Усевшись в трактире по соседству с этими молодыми людьми, Лезорн стал рассказывать Жан-Этьену о подвигах сына. Его собеседник, хотя и не был посвящен в дело, своими репликами как нельзя лучше поддерживал разговор. Парни навострили уши, продолжая беседовать друг в другом.

— Эй, Шифар, передай-ка мне узел с платьем!

— Зачем?

— Пойду на свидание; надо же красоту навести.

Шифару, высокому и тонкому, словно спаржа, в протертой чуть не насквозь одежде, было лет шестнадцать.

— С кем же у тебя свидание?

— С моей марухой. Эх, будь у меня хоть несколько кругляшей на букет!..

— Вишь чего выдумал! Цветы подносить!

— Черт! Не могу же я дарить брильянты!

— Ты что — Дон-Карлос, чтобы платить за любовь[42]?

— На, вот тебе кругляшей…

Товарищи Шифара порылись в карманах и, достав кто одно су, кто два, высыпали их на стол.

— Познакомь нас со своей марухой, пусть полюбуется на нас!

— Нет, я ревнив.

— Пентюх! Раз она панельная — чего тут ревновать.

— То не считается. Кореши — дело другое.

— Подумать только, ведь мой Огюст — такого же возраста! — заметил Лезорн Жан-Этьену.

— Поэтому ты и разнежился, старый осел?

— Да, мне хотелось бы, чтобы он был здесь, вместе с ними… Огюст из тех, кого не смущает вид красной водички (крови); в шестнадцать лет мой паренек уже чуть не ухайдакал хозяина ударом ножа.

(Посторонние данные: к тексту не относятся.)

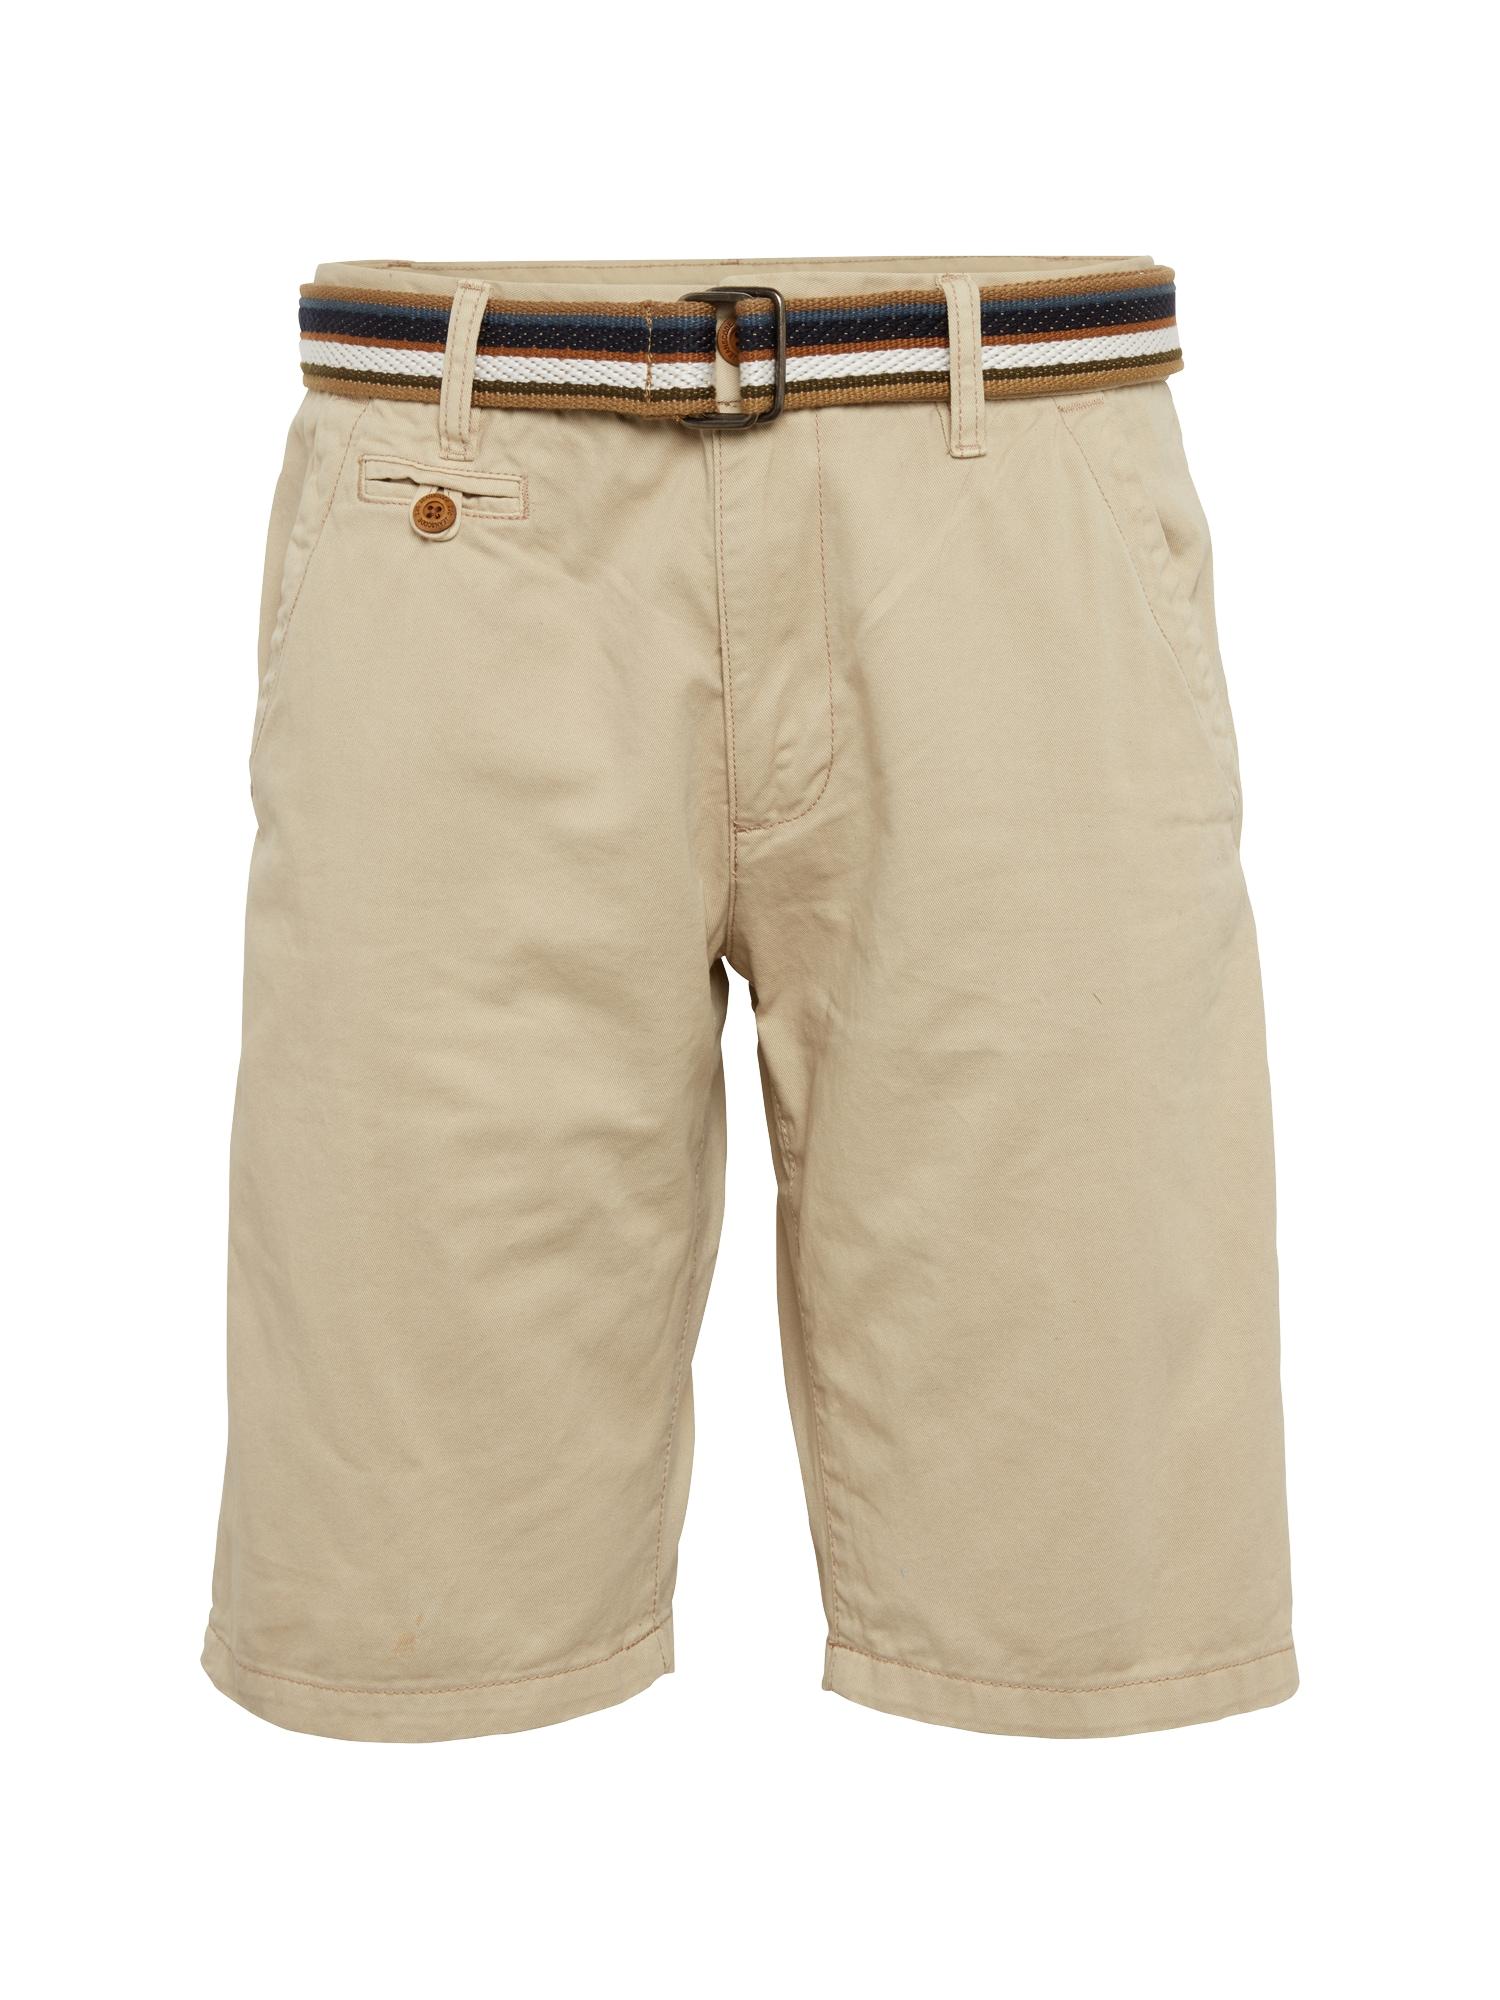 "INDICODE JEANS ""Chino"" stiliaus kelnės 'Royce' gelsvai pilka spalva"

Но на сей раз заводчик остался жив; докончить его удалось уже после выхода Огюста из тюрьмы.

— Зачем ты мелешь все это? Назюзюкался ты, что ли?

Лезорн продолжал, делая вид, что не понимает:

— Прямо за сердце хватает, когда я вижу этих ребят!

Старший из шайки подошел к Лезорну. Впервые они слышали, что чей-то отец находит их компанию подходящей для своего сына. Если бы не прочувствованный тон бандита, его слова приняли бы за шутку. С другой стороны, их интересовало, почему этот Огюст так настойчиво пытался убить хозяина? Может быть, из мести?

— Сударь, — сказал Шифар, — мне и моим товарищам очень приятно, что вы приравняли нас к своему сыну; он, видно, славный парень.

Лезорн сделал вид, что польщен. Остальные подошли поближе.

— Чем же хозяин так его обидел?

— Обольстил его сестру, — ответил бандит с достоинством.

— Браво! — хором воскликнули юноши. — Этот парень свойский! Да здравствует Огюст Бродар! Передайте ему, что мы избираем его нашим почетным председателем!

— Спасибо, друзья! — воскликнул Лезорн.

Они с энтузиазмом чокнулись.

— Пойдем, пойдем, ты и так уже нализался! — вмешался Жан-Этьен, пытаясь увести Лезорна, который не сопротивлялся: он уже добился того, что ему было нужно.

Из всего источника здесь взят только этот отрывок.